Duration: 200 pages – and an additional 92 pages of notes, terminologies, bibliographies, and index.

There’s been quite a lot of misunderstanding in regards to this subject and usually highly informed reporting has indeed come unstuck on the clarity of this matter.

Writing about dimensions no reader can visually grasp without confidence makes this ‘Readers Digest’ styled book, somewhat an enigma. Professor Donal O’Shea whose name sounds like a character from the TV hit show ‘Father Ted’; has earnestly tried to educate his readership the wonders of Topology and how it shapes everything that exists – indeed, this is quite a vast subject. Such vastness cannot be put to paper effectively. It would be more at home it the book was read on a satellite whereby the gargantuan expansion could be witness as you peer at Earth’s aura, from 240 miles high – and beyond. The Poincaré Conjecture (PC) delves into the notion of 4D and beyond from a 3D sphere, for whatever that means and harder still explaining it on rectangle leafs of paper, is a mean feat in itself. Herewith the PC has been orbiting British libraries since its theoretical conception in 1904 by Henri Poincaré (1854 – 1912). Part of his theories derived from mathematician Enrico Betti (1823 – 1892) studies of homology. Since the pioneering days of Poincaré’s work, it seemed the (PC) had perished with Henri Poincaré earlier in the twentieth century – until that was, the day of April 7th 2003 arrived in Cambridge, Massachusetts - when guest speaker Russian mathematician, Grigory Perelman, mimicked bearded professor, looking older than his 37 years, announced the ‘Ricci Flow Equation’
had proved the (PC) is indeed credible. The curvature of space via the ‘Ricci Flow Equation’ simulates a complex heat theory evident in space that works in kinship with molten and lava – conformation Henri Poincaré’s theory was viable. Perelman’s interpreted the universe as being a myriad of mathematical equations that interlock together, changing as the equation creates geometrics, synchronized in unison harmoniously. The closest thing I could fathom it out to be like is a musical composition; perfect geometrics, where a hierarchal form of intelligence must be evident to conduct it.

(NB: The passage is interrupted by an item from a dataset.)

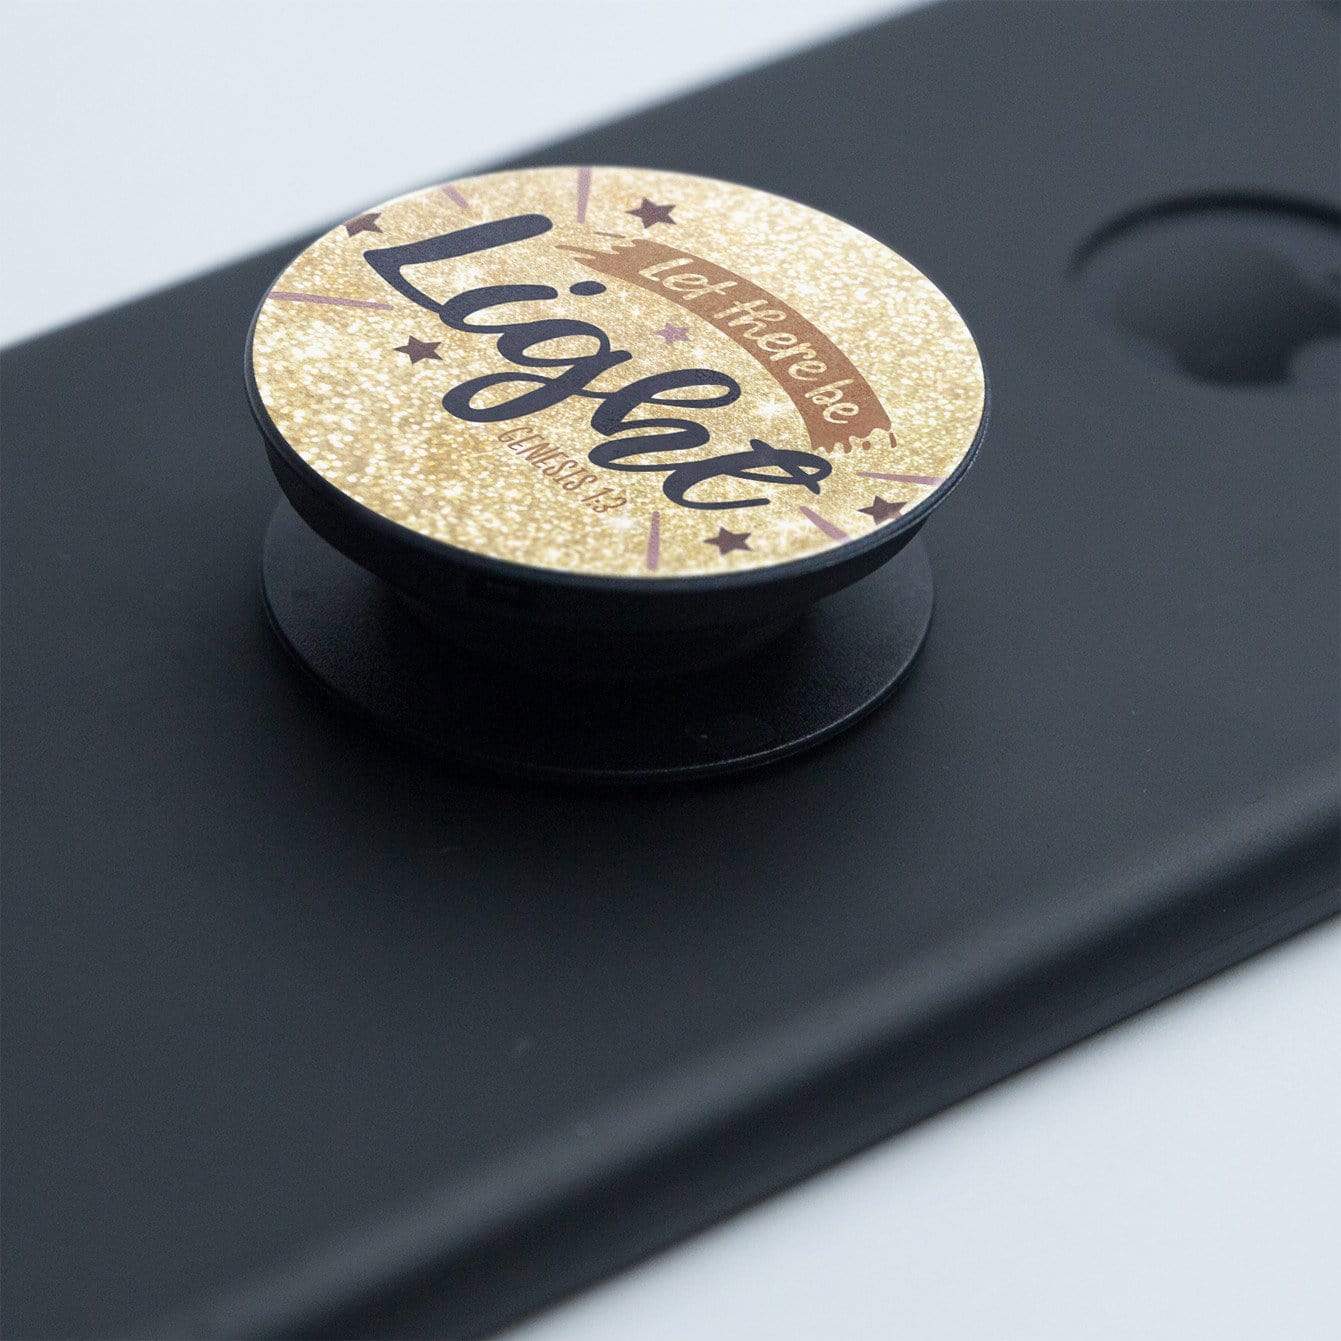 Living Words Let there be - Pop Socket

O’Shea initiated in the ‘Preface’ – readers requires a little High School knowledge of geometrics to get the gist of the book’s complex mathematical conundrums - to say it mildly; O’Shea may’ve overestimated the High School curriculum. And on that note makes professor O’Shea appear misinformed, a fundamental weakness to the book. Curious minds will find nourishment as O’Shea adopts a reader friendly narrative coming to the conclusion, a refreshing breather from the brain drain ‘fig drawings’ of warped dumb bells and netted skittles. O’Shea’s lecture reiterates the importance of mathematical understanding in education and uses Perelman as an example of human mathematical endeavour. He covertly hopes this book may’ve created a generation of sublime mathematicians to go beyond the equation complexities derived from the ground breaking studies of Perelman. O’Shea reaches his beleaguered audience eventually; he warms up little by little as you progress through the lineage minefields of diagrams and math jargon, which you can look-up at the back of the book. Too much jargon is one of the pitfalls of writing about subjects that depend so much on ‘so-called’ theories and of the unknown - the (PC) analogy doesn’t engage a readership, via subject alone. It needs an engaging author to humanize the data, to enthuse an audience just to lighten the subject load. Donal O’Shea had a message that superseded any witticisms or lightening data analysis. It was a message that education is key for progression – what do you expect from a lecturer, who facially looked like Rasputin as a younger man?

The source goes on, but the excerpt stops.